Our son, at 8 years old, is a beautiful child, with hair as red
as the Encyclopedia Britannica, blue eyes that make you wonder
why people made such a fuss over that Sinatra guy, and a
mischievous smile that turns his freckled cheeks into matching
whoopee cushions. All this sits on a frame so gangly that, when
he does his gliding walk up on the balls of his feet, you
sometimes get the impression that his magnificent head is
self-propelled, rather than a part of the natural apparatus.
And, yes, my wife and I would love to consider him normal.
That would mean we could occasionally hire a babysitter for him
and his sisters and go out to see a movie.
That would mean we could sign him up for sports teams and summer
camps and swimming lessons without making sure that a parent or
aide would be with him every minute, or that the instructor had
a background in special education for kids like Harrison.
That would mean every day wouldn't start with "Harrison, have
you taken your medicine?" And almost every weekday afternoon
wouldn't include a therapist in our home, trying to teach him
how to approach people or start a conversation. And every night
wouldn't end with an epic battle between his spiking energy
level and our plummeting ones.
But most of all, it would mean the psychiatrist was right, that
Harrison isn't autistic. That he's just a boy being a boy.

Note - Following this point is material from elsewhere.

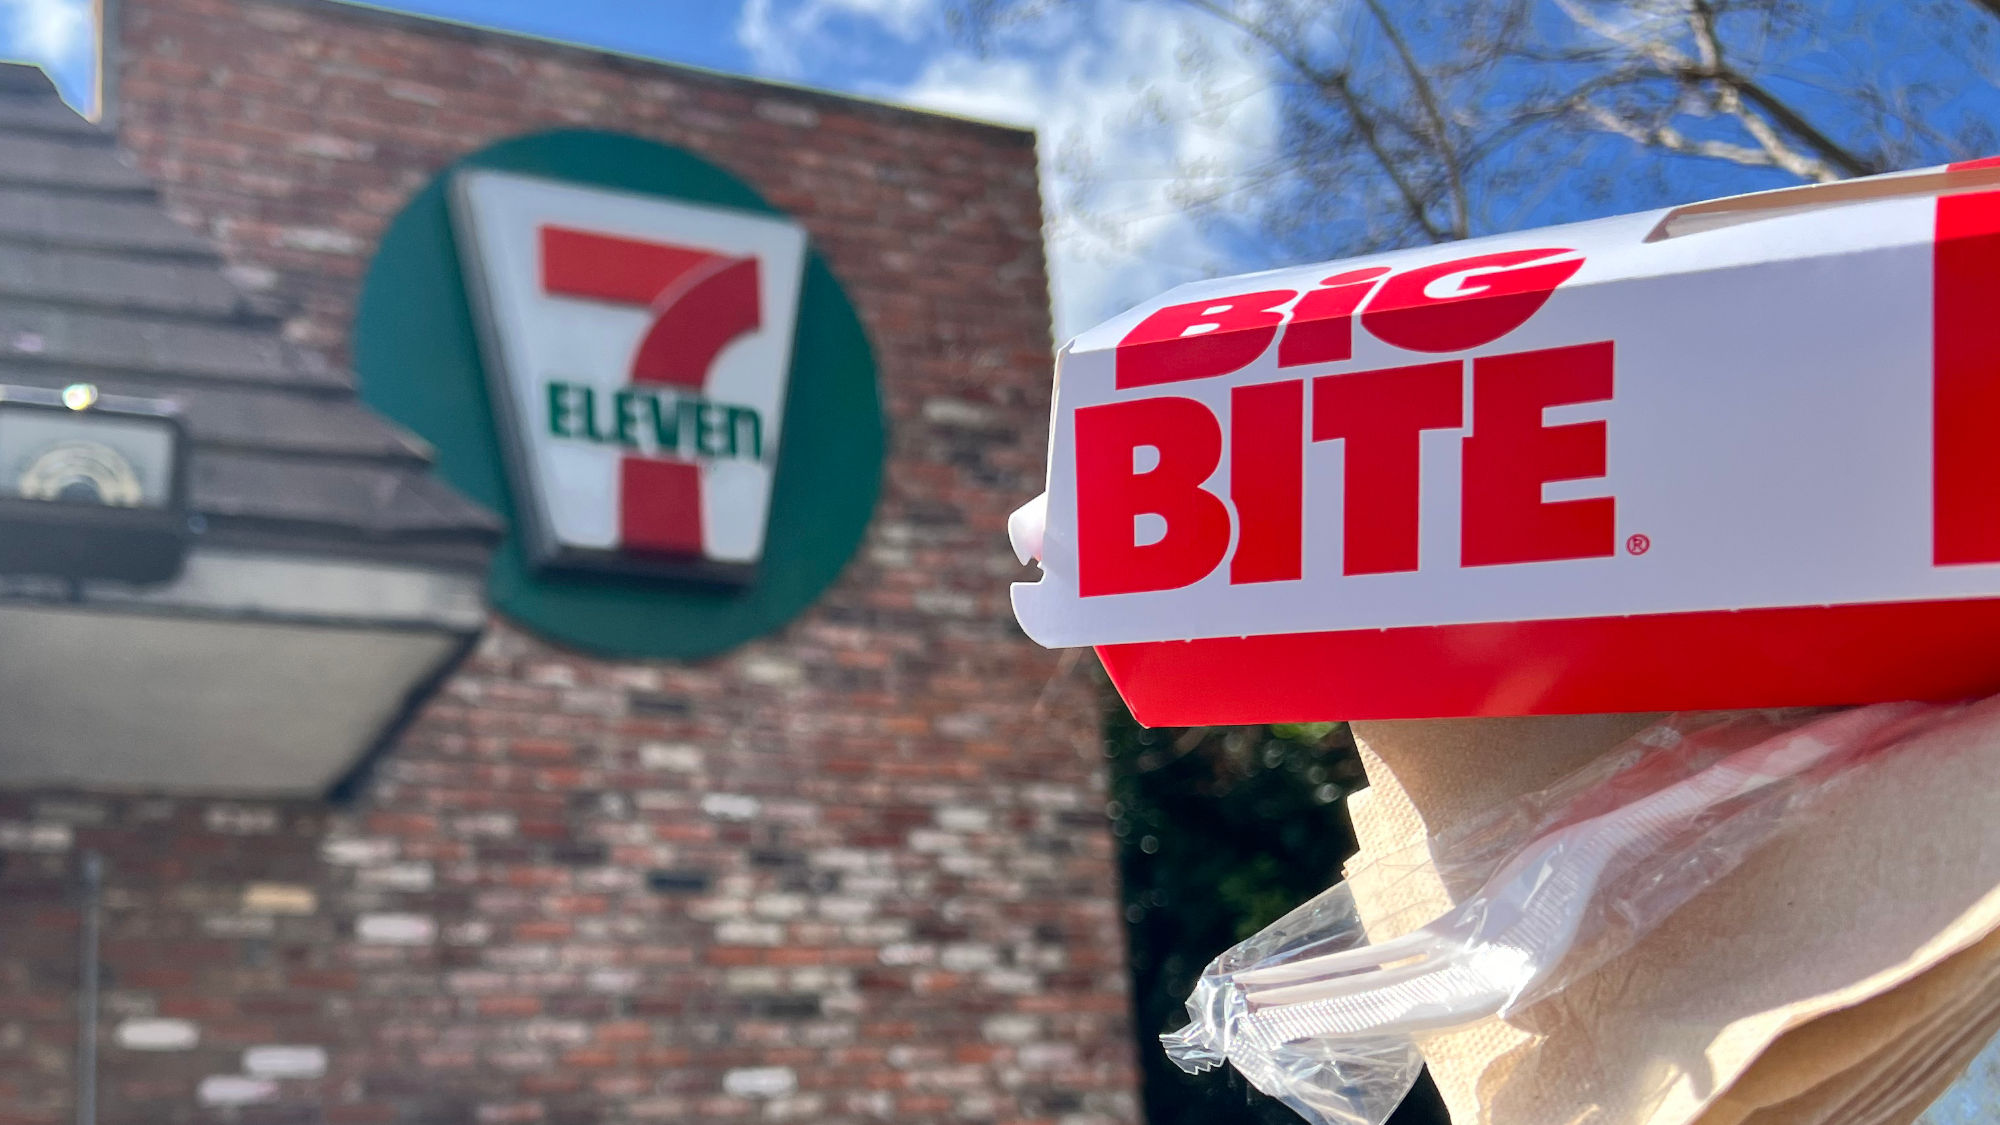 7-Eleven Big Bite

Though the line between that and autism isn't always perfectly
clear, it's one we know Harrison may have crossed the moment he
was conceived.
We didn't have that "aha!" moment when we realized our boy was
different, just a series of signs that he wasn't developing
normally. Harrison didn't exhibit the speech delays that often
signal autism--he's fantastically articulate--but his behavior
was always behind that of other children. Kimberly, my wife,
once returned home from a playdate in tears after she'd had to
drag a kicking and screaming Harrison out of someone's house.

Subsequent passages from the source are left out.